I'm so relieved for more people to be here that I feel like I could kiss him despite the discomfort his proximity would give.
The men who had chased after Kyle pass me, no longer caring, and one of them clutches tightly to a child who blinks in surprise and then starts to cry loudly.
The castle shakes beneath us and silence reigns for a second as everyone looks down worriedly.
"We should leave quickly." Kurogane says, looking in the direction of the stairs. A few people near him nod and I let myself be swept up as people load children onto horses and hold them to themselves and then start walking to the entrance.
The sky is just beginning to lighten as we reach the other side of the river.
The castle is trembling more now, visible in the dying moonlight and the first rays of sun as birds and bats scatter from it, shrieking into the early morning.
We watch as the building comes tumbling down, Kyle nowhere to be seen. Something in the water clicks and it rushes faster somehow, sweeping away the groaning rocks which fall into it as the castle shakes itself apart, rending until it is nothing but rubble, snow and a thin line of smoke.
The smoke stops.
Children cry. One person is sent to ride back to the village and tell people what happened and it quickly becomes everybody, children crowded onto horses and carried by the few parents and aunts and uncles who had come tonight on Grosum's request to find the children and the one who had taken them away for good. Some of the older ones walk, spell seemingly broken by the collapse they witnessed, task ended, blank eyed and withdrawn.

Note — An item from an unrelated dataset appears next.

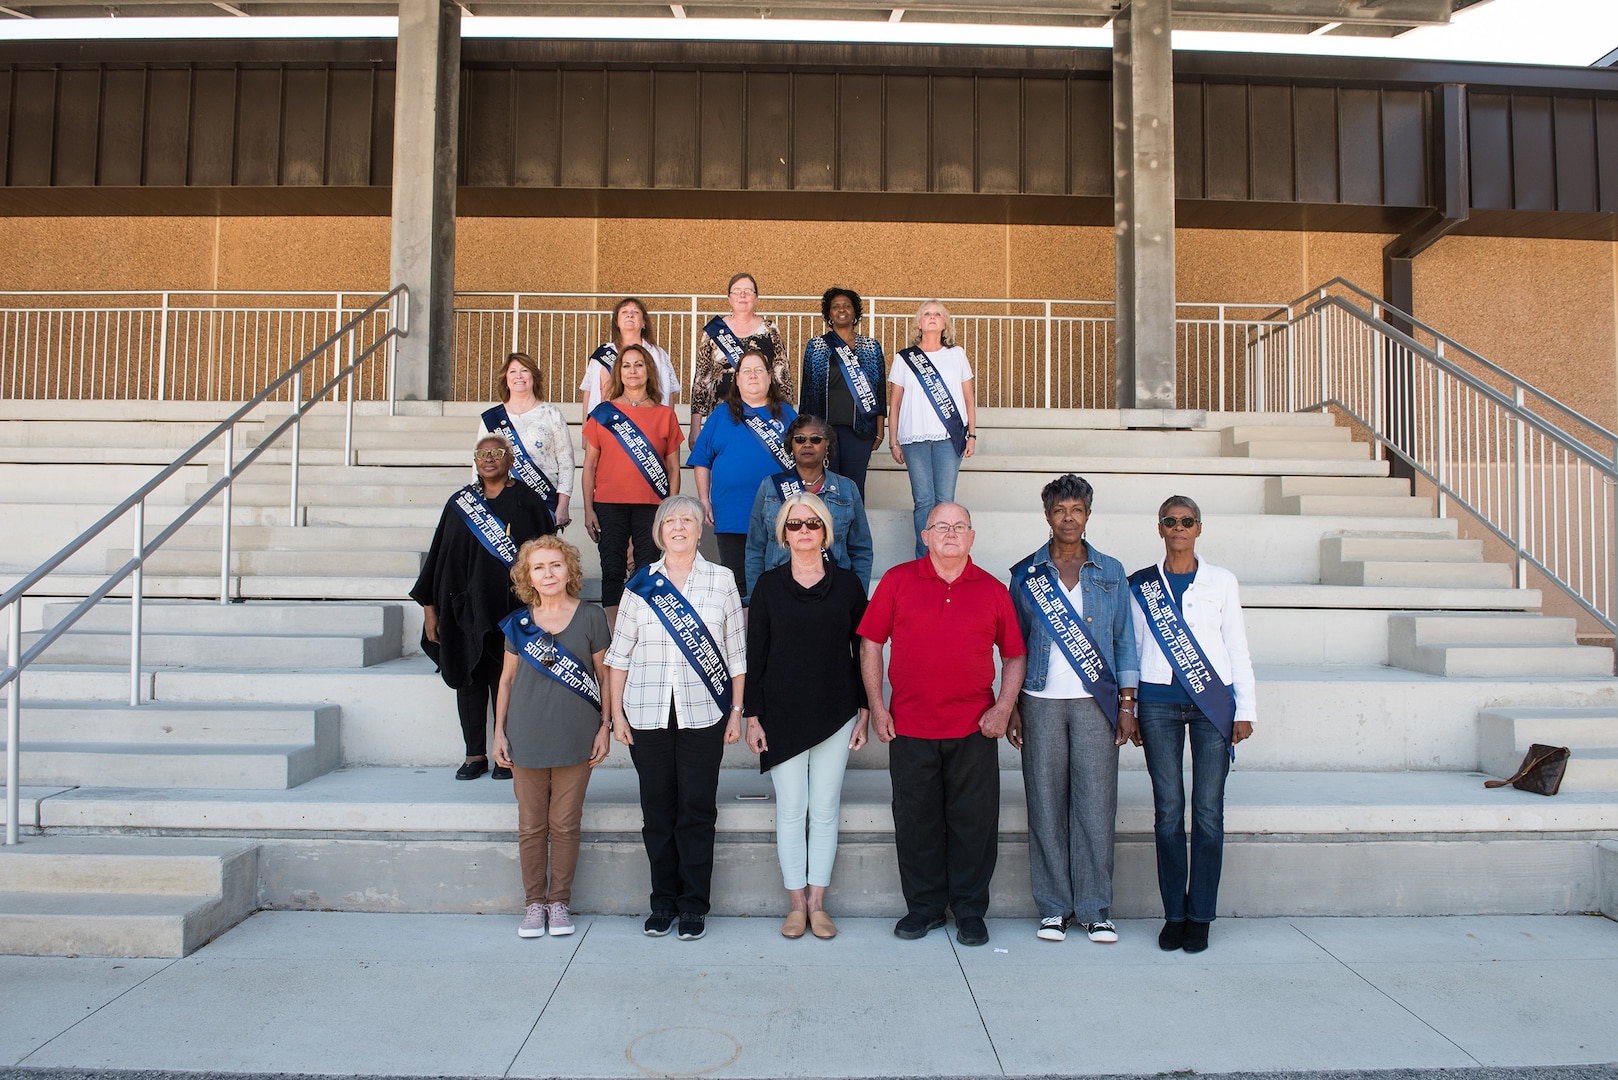 The women of flight W039, 3707th Squadron, of 1979, pose for a recreation of their group photo, Oct. 18, 2019, at Joint Base San Antonio-Lackland, Texas.

The one who rides ahead takes his son, glassy eyed and holding close to him, dirty and cold and hungry but finally, finally closer to home. His father promises to come back with as many horses as he can get.
We watch him disappear as we all take a slower speed.

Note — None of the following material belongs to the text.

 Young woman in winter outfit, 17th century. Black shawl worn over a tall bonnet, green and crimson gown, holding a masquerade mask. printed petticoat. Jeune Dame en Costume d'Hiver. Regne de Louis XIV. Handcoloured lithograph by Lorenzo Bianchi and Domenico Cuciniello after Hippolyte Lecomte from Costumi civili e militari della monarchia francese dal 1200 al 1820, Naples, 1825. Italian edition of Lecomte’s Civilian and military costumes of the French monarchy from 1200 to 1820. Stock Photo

The sun is rising, steady and clean and warm.
More than anything I look forwards to getting inside and getting warm again.
As we all go, villagers catching companionably, trying to involve our tired party in their celebration, overjoyed by finding their children who have been missing for so long, there is mention of a meal, a proper celebration, a welcoming home, some kind of reward, apologies for their suspicion.
"Where will you go next?" Is asked of me and I shrug, shivering a little despite the gentle warmth of the sun through the barren trees.
"Somewhere far away I'm sure. Hopefully somewhere warmer." I say.
It amuses the man I'm talking to. I don't remember his name or whatever else we've said.